The coronavirus is no respecter of persons. It matters not whether you are young or old, rich or poor or even healthy or sick. The virus can get you and make you ill. And while 80% who get the virus will have “only mild to moderate symptoms”, causing some to say “it’s no big deal, are those who you may spread the sickness to able to withstand its effects? Many have died from this virus around the world and now at least 2 Vermonters have died in recent days. More surely will die. But even if our societal actions “flatten the curve” enough to keep from overwhelming the state’s health care infrastructure, how will you feel if a loved one or even an acquaintance dies after contracting the disease from you? Taking the advised precautions seriously is essential to public health and for the future of this state and our towns.
Waterbury’s public officials and employees and those from around the state are taking our leads from the Vermont Department of Health, Vermont Emergency Management and from the Office of the Governor. All residents of Waterbury and of the residents of entire state need to pay attention to the directives that come from those sources. This includes paying attention to and adhering to information and requests for action (or in-action, as the case may be) that are funneled through from the state authorities to the governing boards, municipal managers and emergency managers of local governments.

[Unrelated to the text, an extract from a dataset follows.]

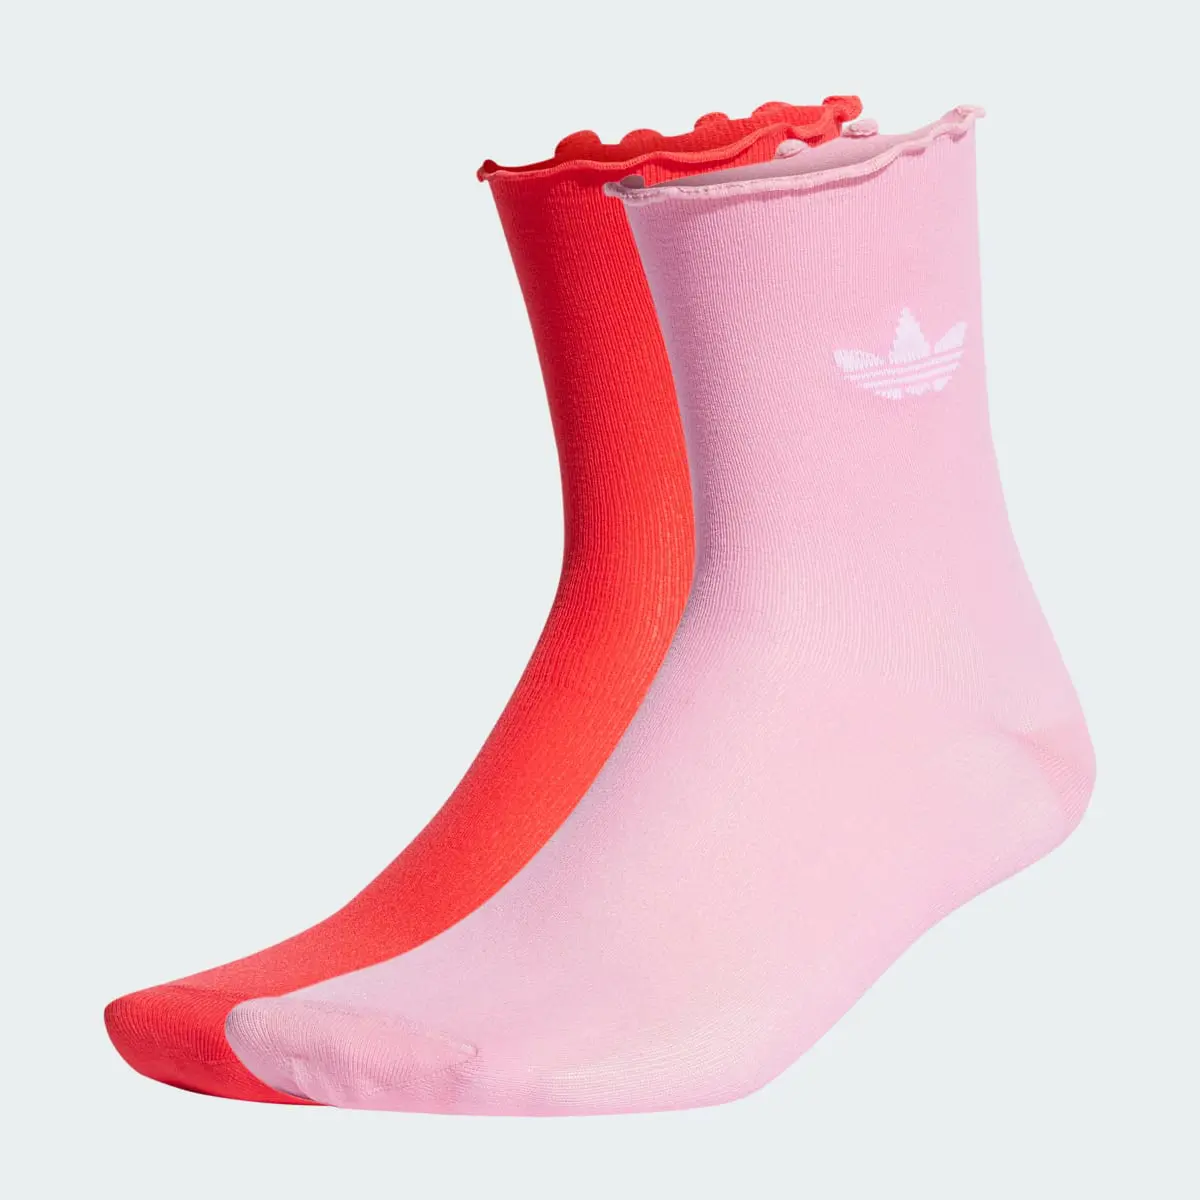 Adidas Semi-Sheer Ruffle Crew Socks 2 Pairs. 1

For the time being we have all been asked to practice “social distancing”—when we must interact person to person, we have been advised to keep six-feet of separation while doing so. Schools have been closed as have been most child care facilities. These measures have been taken to keep children apart from one another and to keep the parents of those children away from other parents. Play dates with friends in one another’s home or trips to the playground are not acceptable alternatives. Have the kids read books, play games, do school work, play in the yard or take a walk with you. It is important to let them interact with friends, but make sure it is by social media or by phone. Don’t allow kids to congregate in groups, especially not inside, as that is just inviting trouble from COVID-19.
Closed restaurants, bars, theatres, gyms, retail shops, churches, libraries, universities, ski areas-- and the beat goes on-- are a huge inconvenience to most of us. These are places of sustenance for our bodies and minds, places where we are entertained and uplifted after a long day at work, places where come to understand we are social beings. These places are the places we all go to be with friends and even strangers when something awful happens in our lives or in our community. But we cannot go, nor should we go to these places now. Please do consider buying gift cards from these businesses. I am sure most of them are updating websites to make it easier to do this. Buy a takeout meal from your favorite restaurant and even from one where you have never gone before. If we have a hope for a vibrant town again once this “event” ends, we are all going to have to find way to get them some cash. And I know many others are out of work already, making it difficult to spend money. Simply do what you can.